Özetle; güzellik günümüzde satın alınabilir halde.

“BU BİR BEĞENİLME, ONAYLANMA VE MODA SALGINI”

İşin bir boyutu daha var; o da psikolojik baskı.

Çoğunlukla da kişinin kendine, aynadaki yansımasına uyguladığı baskı…

Finlandiya ABO Üniversitesi Öğretim Üyesi, Profesör Doktor Ebru Şalcıoğlu:

“Kimsenin yaşlanmadığı bir dünyada bizim yaşlanmamız da normal değil. Yılları geri sarma ihtiyacı çok önemli.” diyor.

Ve ekliyor:

Ancak, bunun için verilen çaba uç noktaya ulaştı. Aynaya baktığımızda memnuniyetsizlik arttı. Bu memnuniyetsizliğe karşı çok fazla işlem var ve bu işlemleri yaptıran çok fazla kişi var.
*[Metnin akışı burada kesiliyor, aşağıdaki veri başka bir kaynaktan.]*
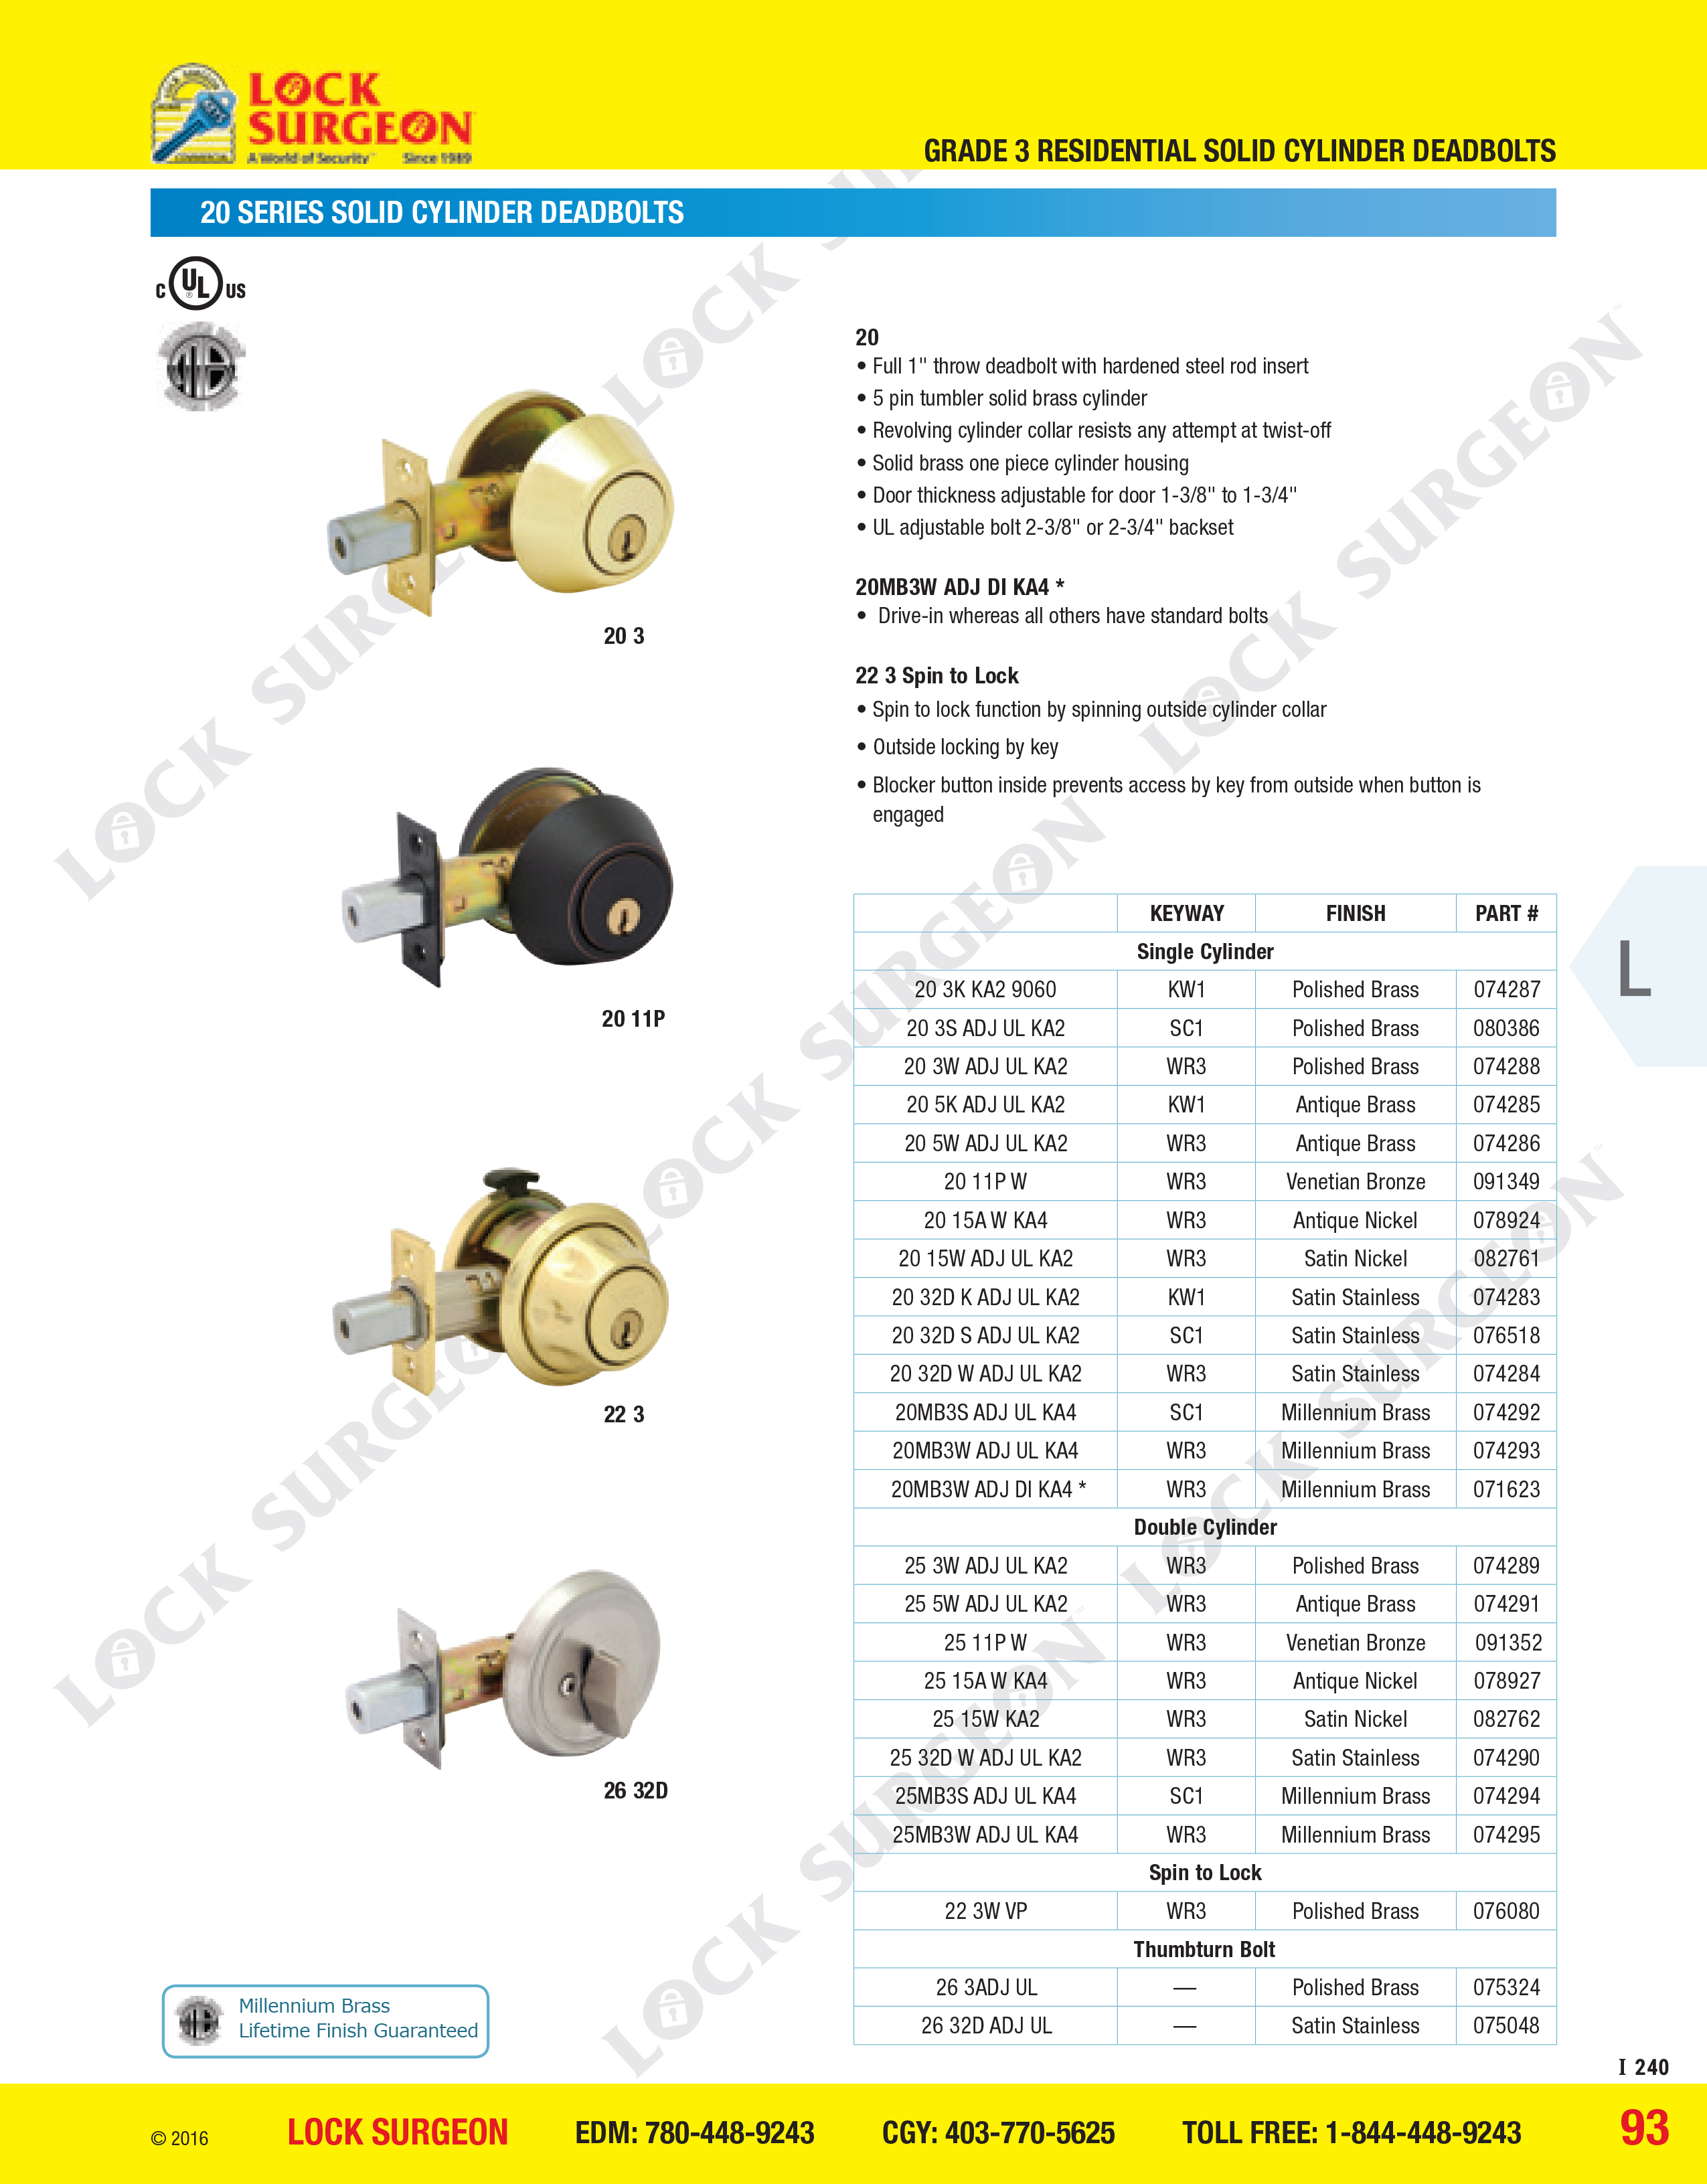 High grade deadbolts single-sided cylinder or double-sided cylinder

Yani birbirine örnek olan çok.

Prof. Şalcıoğlu’na göre; dozunda müdahaleler kişinin kendisini iyi hissetmesi açısından önemli.

Fakat, son yıllarda sosyal medyanın tetiklediği güzellik algısı uçsuz bucaksız…

“BOTOKS YAPTIRMAYAN ‘DEMODE’ OLUYOR”

Estetik operasyon ve işlem çılgınlığı tam anlamıyla sosyal medyada tetiklenen bir trend yani moda oldu. Takip etme isteği, taklit etme isteği doğuyor. Demode kalan üzülüyor, psikolojisi bozuluyor. Hızla estetik cerrahlara ya da merkezlere koşuyor.”

Kimileri ‘güzellik kavramı doğallığa dönsün’, ‘kadınlar meta değildir’, ‘erkekler bakımlı olsun ama estetik operasyon sırıtıyor’ derken gelinen nokta bu.